The current stream unchanged-result fast path still hashes raw SQLite TEXT bytes
in C before deciding whether to skip Dart decode. SQLite's result-value API
supports this shape: callers can read UTF-8 text with sqlite3_column_text(),
then get its byte length with sqlite3_column_bytes(), and the pointer remains
valid until the statement steps, resets, or finalizes. Recent SQLite release
notes did not expose a new C API that replaces this local hash loop, and Dart's
current isolate-transfer tools do not remove the need to avoid decode entirely
on unchanged stream re-queries.
Sources checked:
- SQLite result values API: https://www.sqlite.org/c3ref/column_blob.html
- SQLite 3.53.0 release notes: https://www.sqlite.org/changes.html
- Dart isolates: https://dart.dev/language/isolates
TransferableTypedData: https://api.dart.dev/dart-isolate/TransferableTypedData-class.html- sqlite_async peer streaming context: https://pub.dev/packages/sqlite_async
Hypothesis
Adding a representative long-text unchanged-fanout benchmark should make the
hash-loop cost visible.
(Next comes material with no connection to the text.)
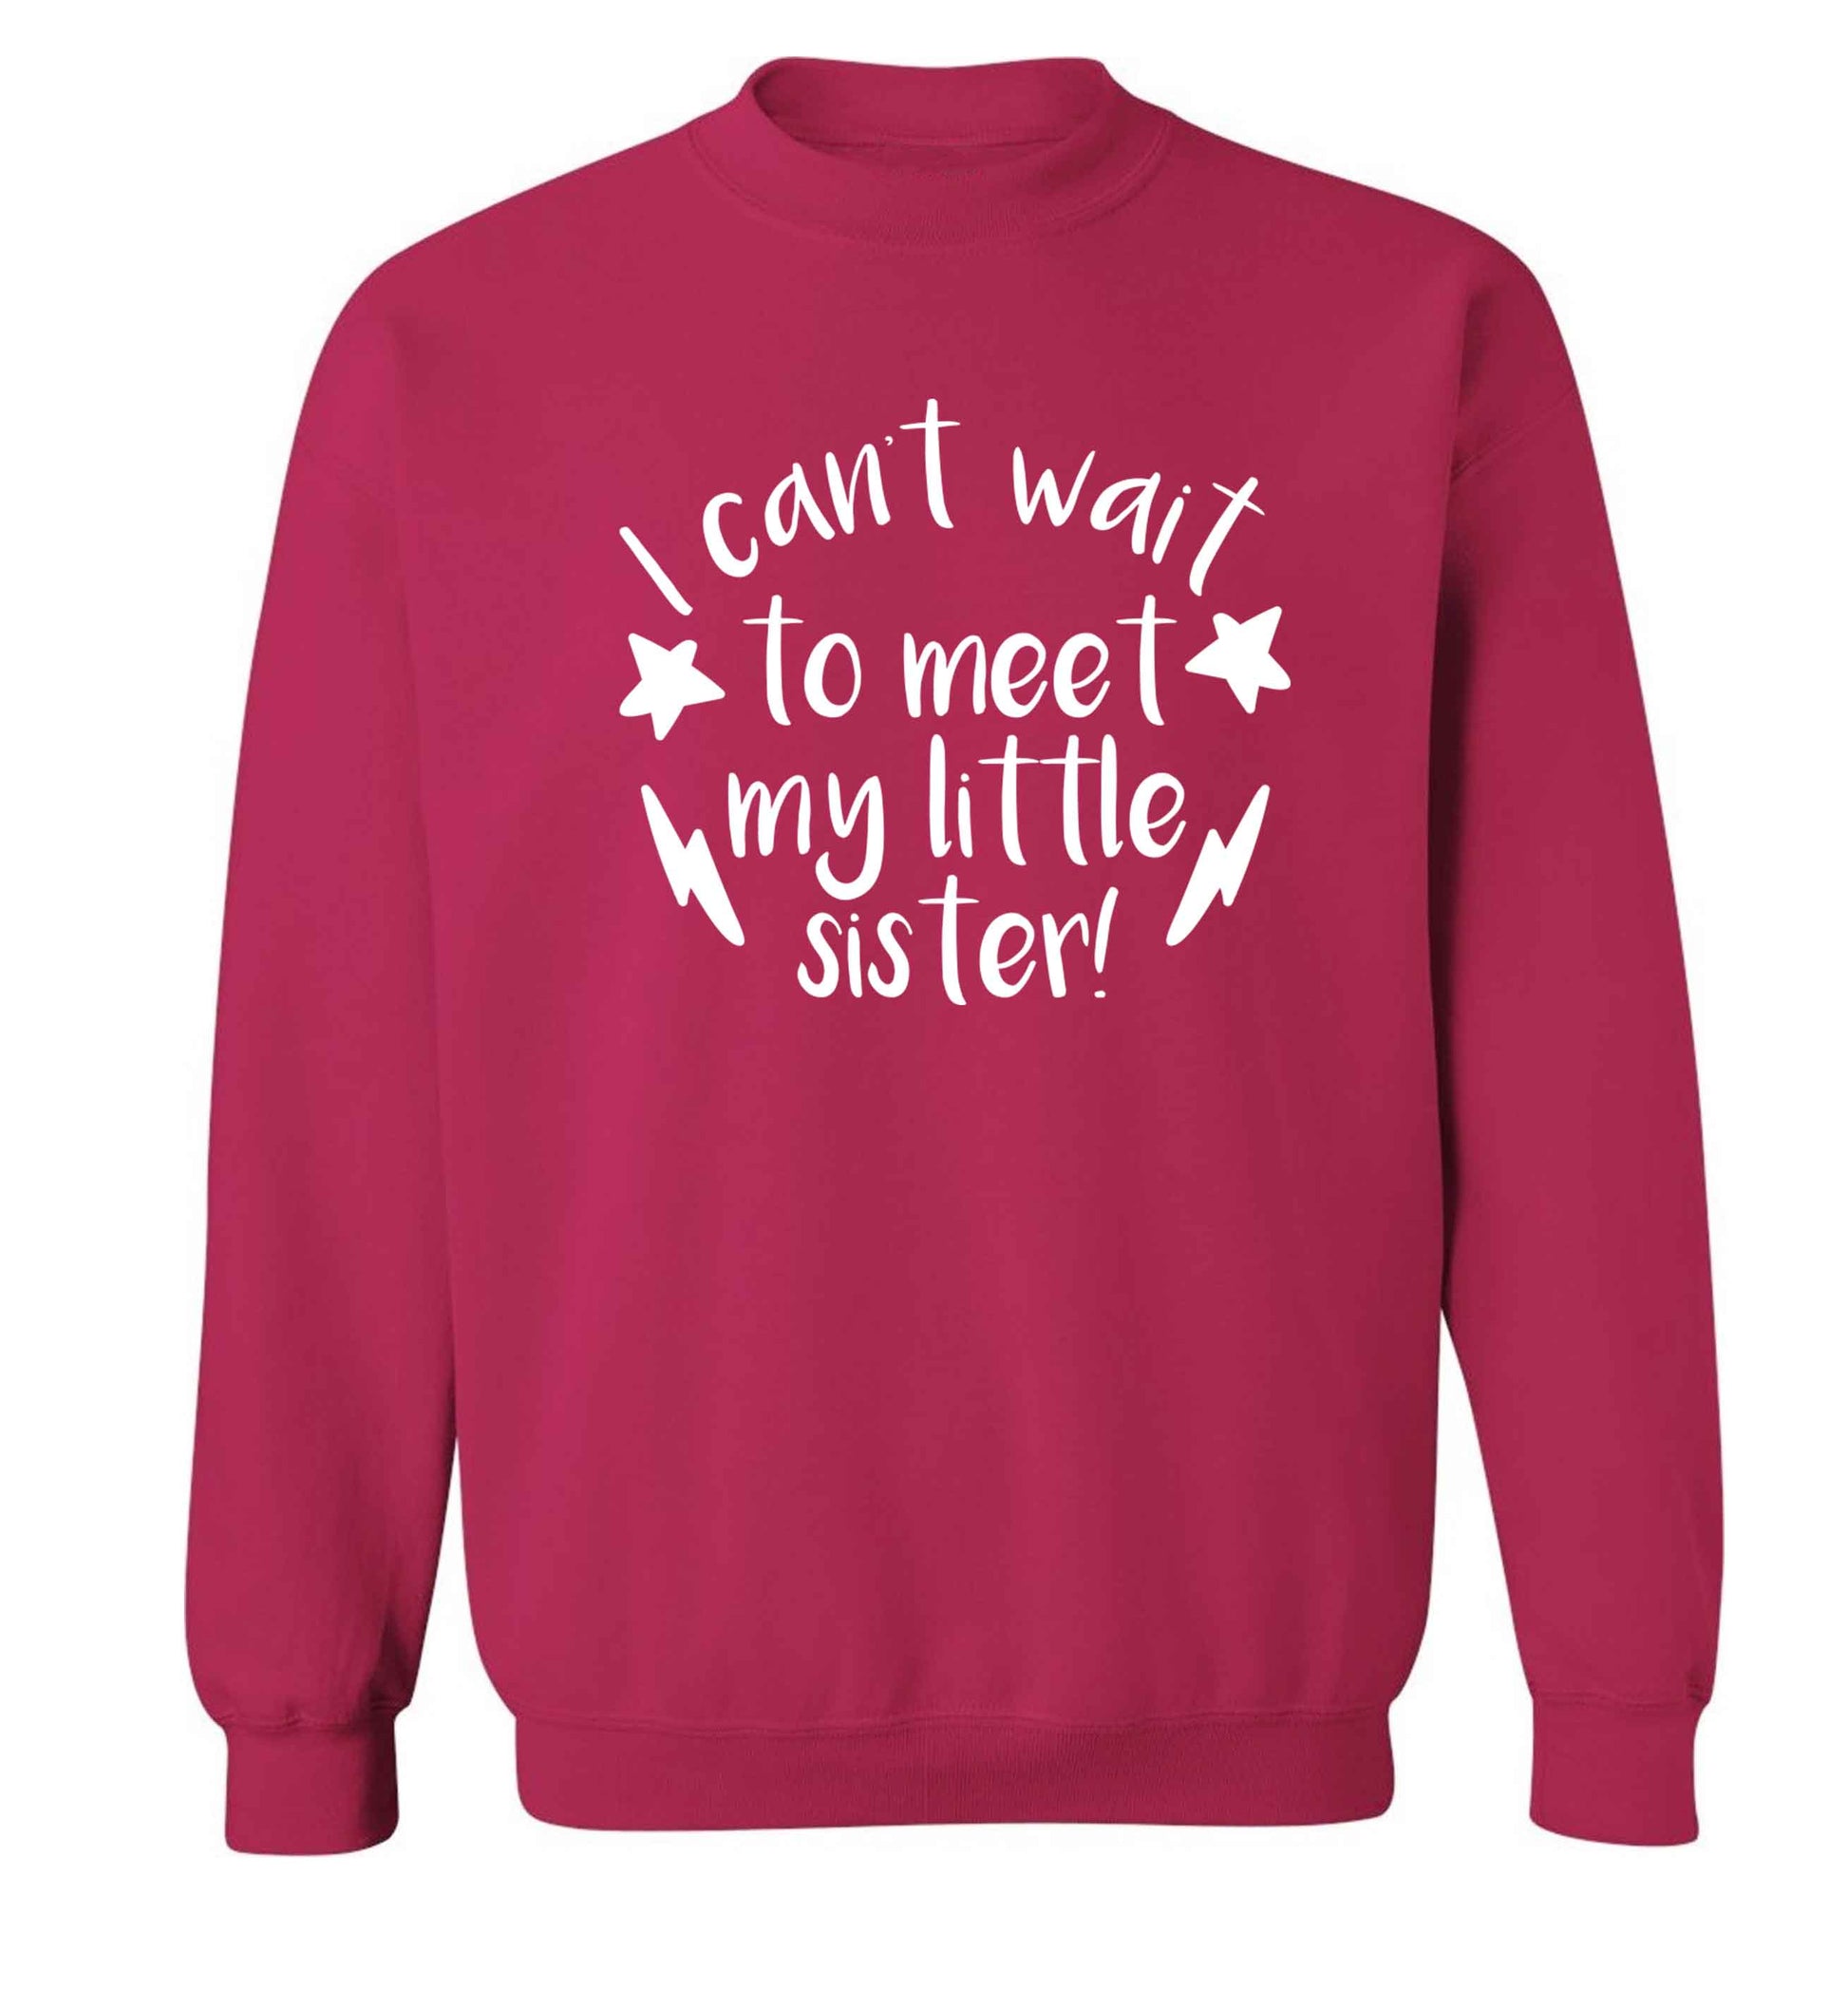 Something special growing inside it's my little sister I can't wait to say hi! Adult's unisex pink Sweater 2XL

If that happens, reviving experiment 099's 8-byte
chunked byte fold should produce a large win on the new workload while keeping
short-cell workloads and public API behavior effectively unchanged.
Approach
Added a default streaming benchmark:
- 8 unchanged streams
- 256 rows per unchanged result
- 4KB ASCII TEXT cell per row
- one changed long-text barrier stream registered after the unchanged streams
Each timed iteration inserts a new row outside the unchanged streams'
predicate. The unchanged streams must not emit; the barrier stream changes and
emits, giving the benchmark a practical completion signal for the fanout wave.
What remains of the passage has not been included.